- What to work on -
The answer is an exact copy of the lines from the one with "Men's Winter Warm" to the end of the listing below, pictures left out.

───── Collected material ─────

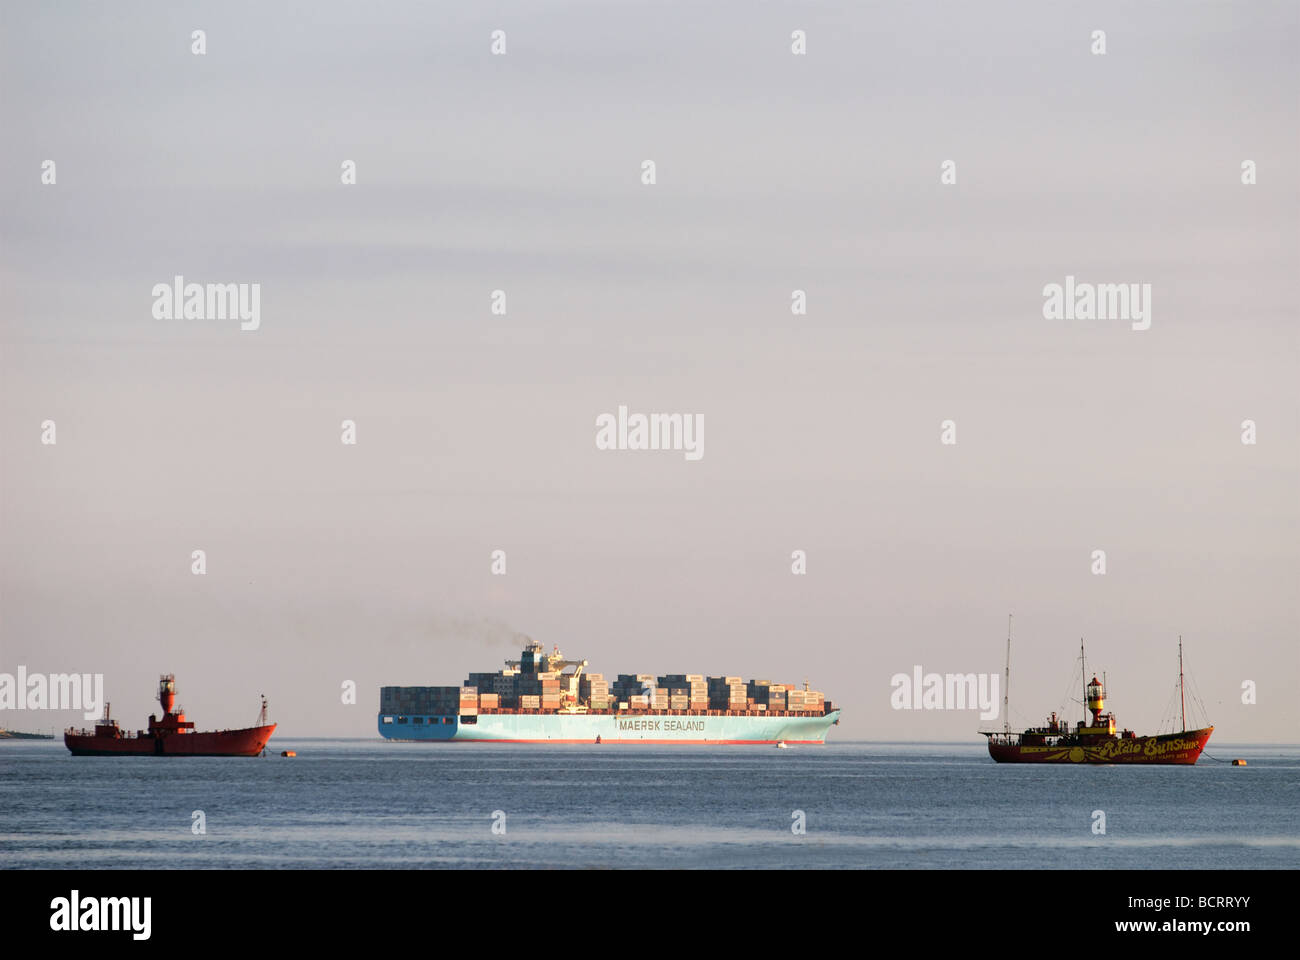 Porte-conteneurs Maersk Sealand, Felixstowe, Suffolk, UK. Banque D'Images
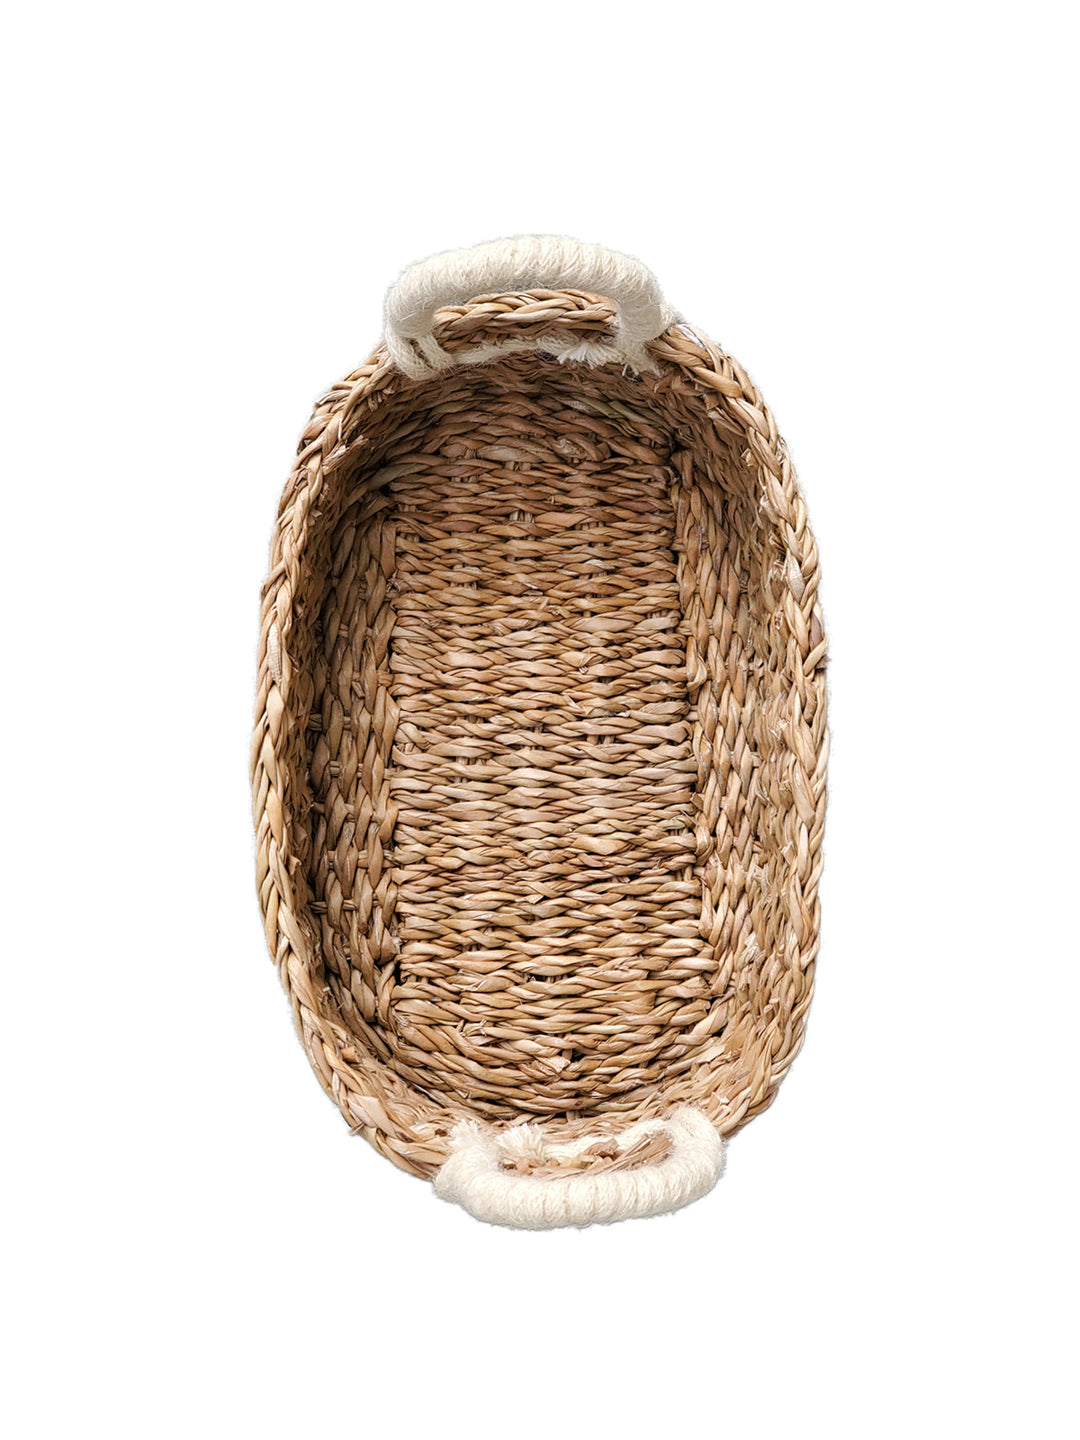 Savar Oval Bread Basket-2
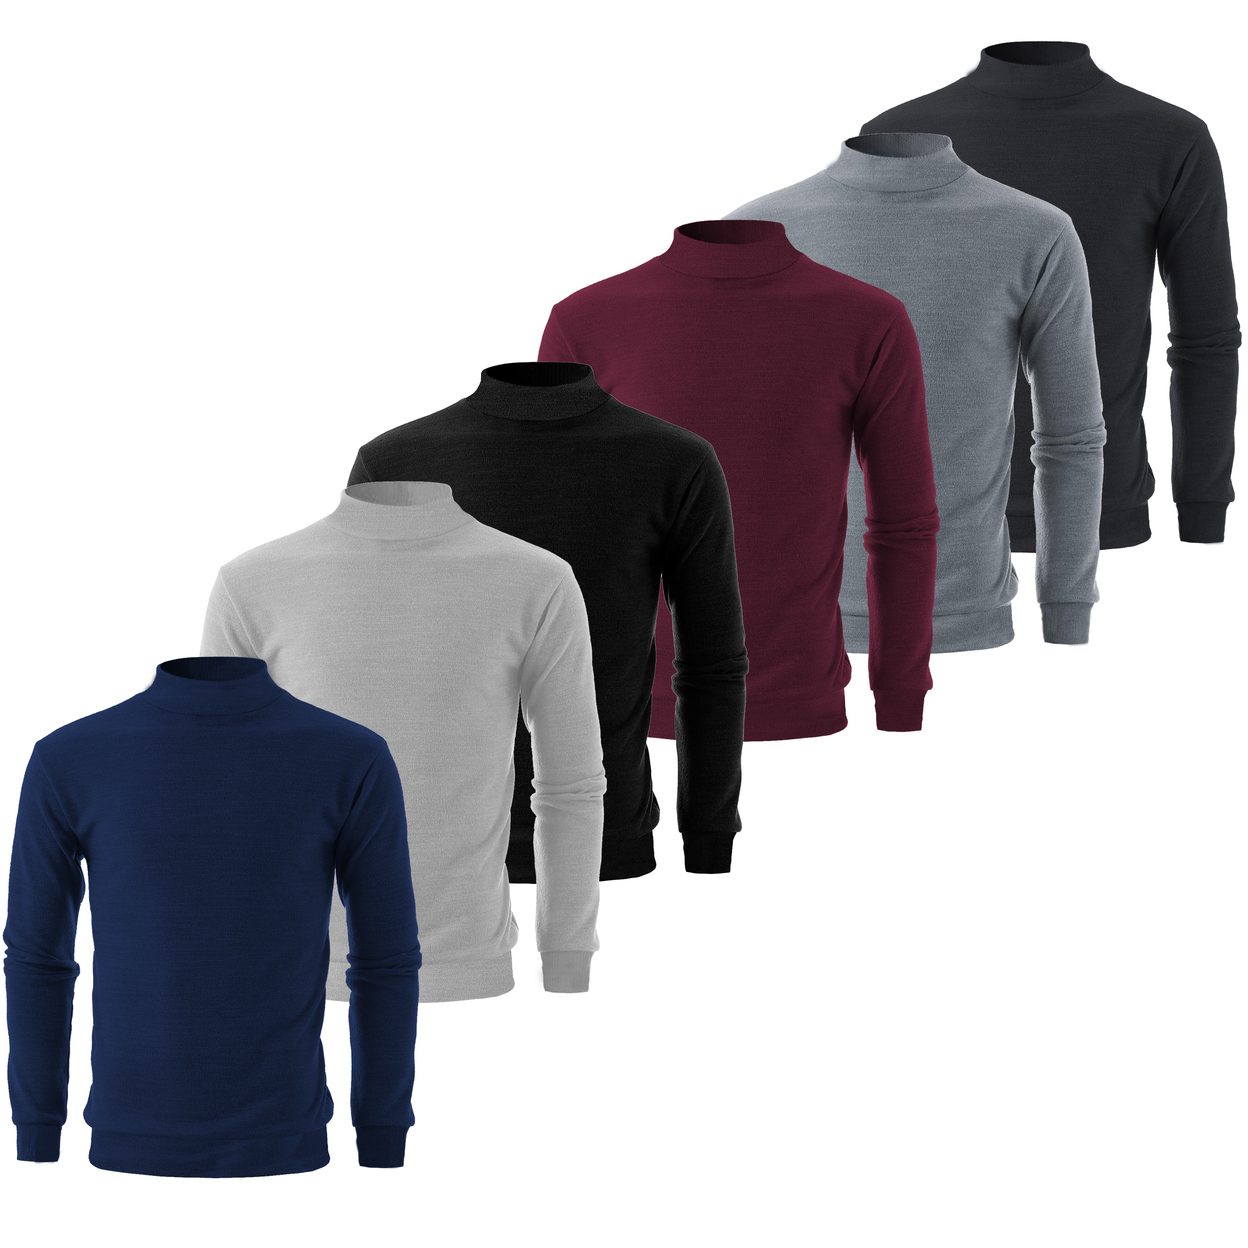 Men's Winter Warm Cozy Knit Slim-Fit Mock Neck Sweater - Navy, Xx-large
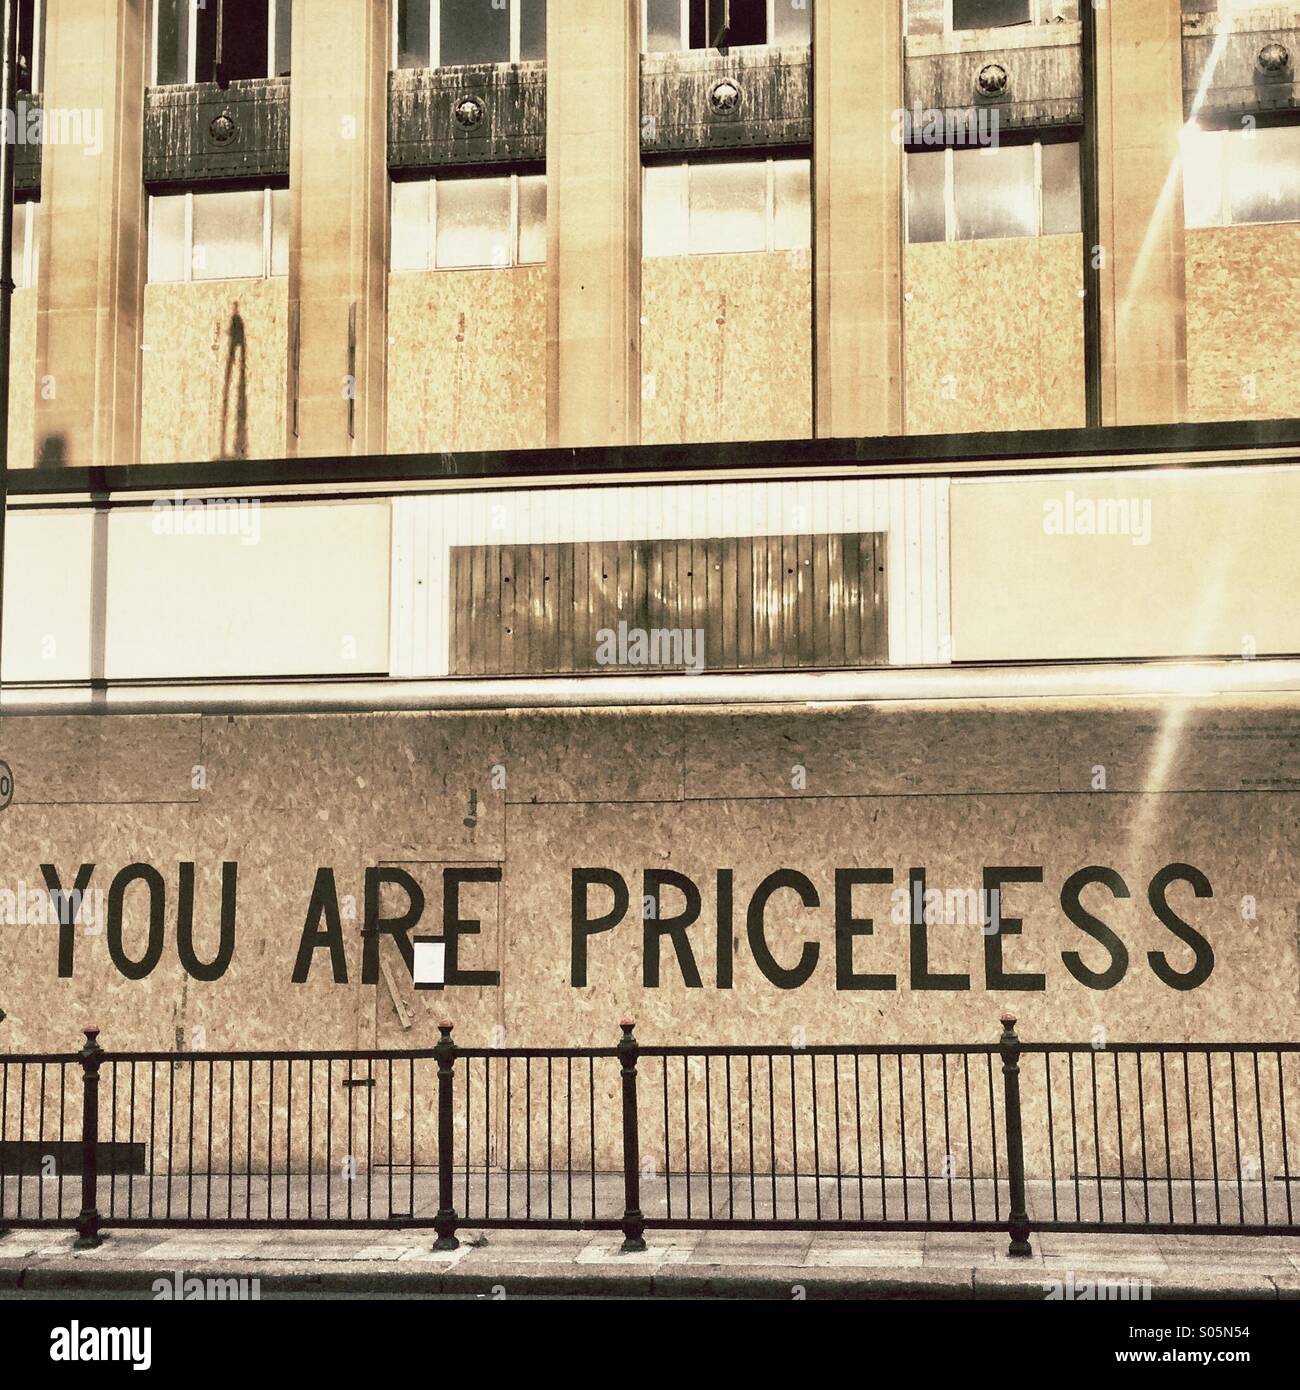 You are priceless graffiti Stock Photo

─────

- Problem solution -
 Men's Winter Warm Cozy Knit Slim-Fit Mock Neck Sweater - Navy, Xx-large
 You are priceless graffiti Stock Photo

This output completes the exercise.